The method according to claim 5, wherein the generating the learning status message according to the target video frame includes: Using at least one frame of the target video frames as learning status information; and/or, Identifying the region where the target object is located in at least one frame of the target video frame, and generating the learning status message based on the region where the target object is located.

The method according to claim 1 or 2, wherein the detecting at least one type of learning behavior of the target object according to the video includes: Performing target object detection on the video, obtaining a video frame containing the target object, and using the video frame other than the video frame containing the target object in the video as a video frame in which the target object is not detected; When the number of video frames in which the target object is not detected exceeds a preset number of video frames, detecting the learning behavior includes: not appearing in at least part of the video frames in the video.

The method according to claim 1 or 2, wherein the method further comprises: Rendering a background area in at least part of the video frame in the video, wherein the background area is an area other than the target object in the video frame; and / or, Counting the learning status information of at least one of the target objects to obtain statistical results of at least one of the target objects; and generating learning status statistical data according to the statistical results of at least one of the target objects.
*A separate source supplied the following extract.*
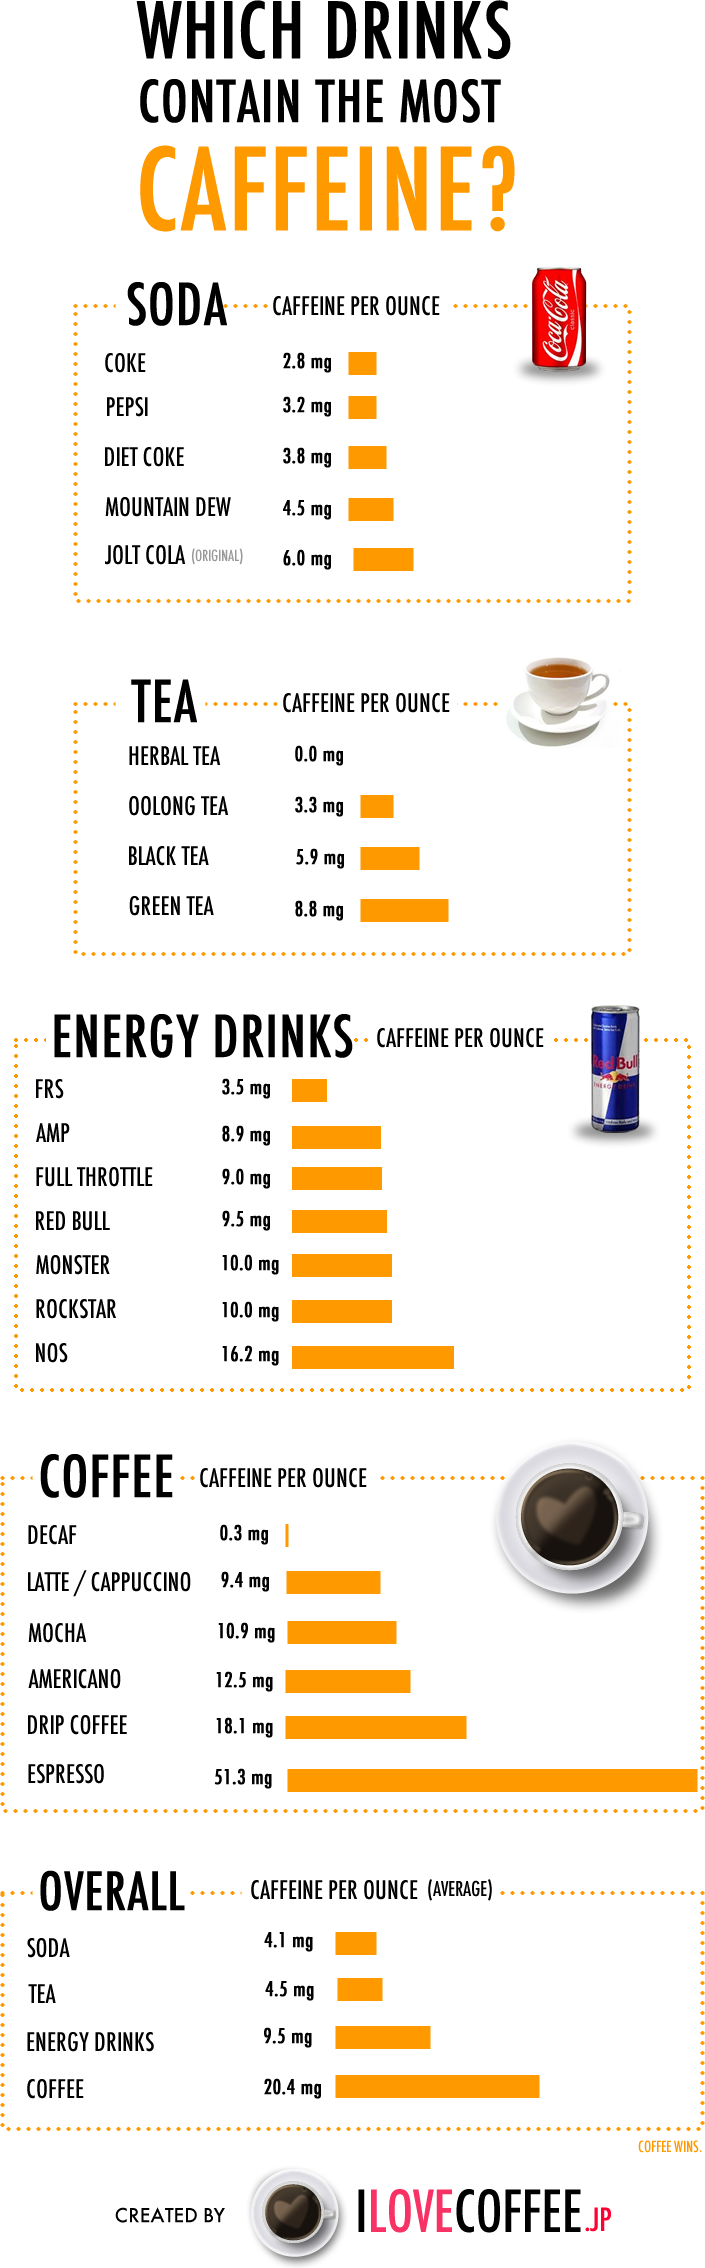 Which drinks contain the most caffeine?

The method according to claim 8, wherein generating the statistical data of the learning state according to the statistical result of at least one of the target objects, comprises: Obtain statistical results of at least one target object included in the category according to the category to which at least one of the target objects belongs, and generate statistical data of the learning state of at least one category, wherein the category to which the target object belongs includes the participation of the target object at least one of the course, the institution in which the target is registered, and the equipment used by the target; and/or, Visually process the statistical result of at least one of the target objects, and generate the statistical data of the learning state of at least one of the target objects.

A video processing device, comprising: a video acquisition module for acquiring video, wherein at least some of the video frames in the video contain a target object; a detection module, configured to detect at least one type of learning behavior of the target object in the process of watching the teaching course according to the video; The generating module is used for, when it is detected that the target object performs at least one type of learning behavior, according to a video frame that at least partially contains the at least one type of learning behavior and/or the target object performs the at least one type of learning behavior. Duration to generate learning status messages.

An electronic device comprising: processor; memory for storing processor-executable instructions; Wherein, the processor is configured to invoke the instructions stored in the memory to execute the method described in any one of request items 1 to 9.

A computer-readable storage medium on which computer program instructions are stored, wherein when the computer program instructions are executed by a processor, the method described in any one of claim 1 to 9 is implemented.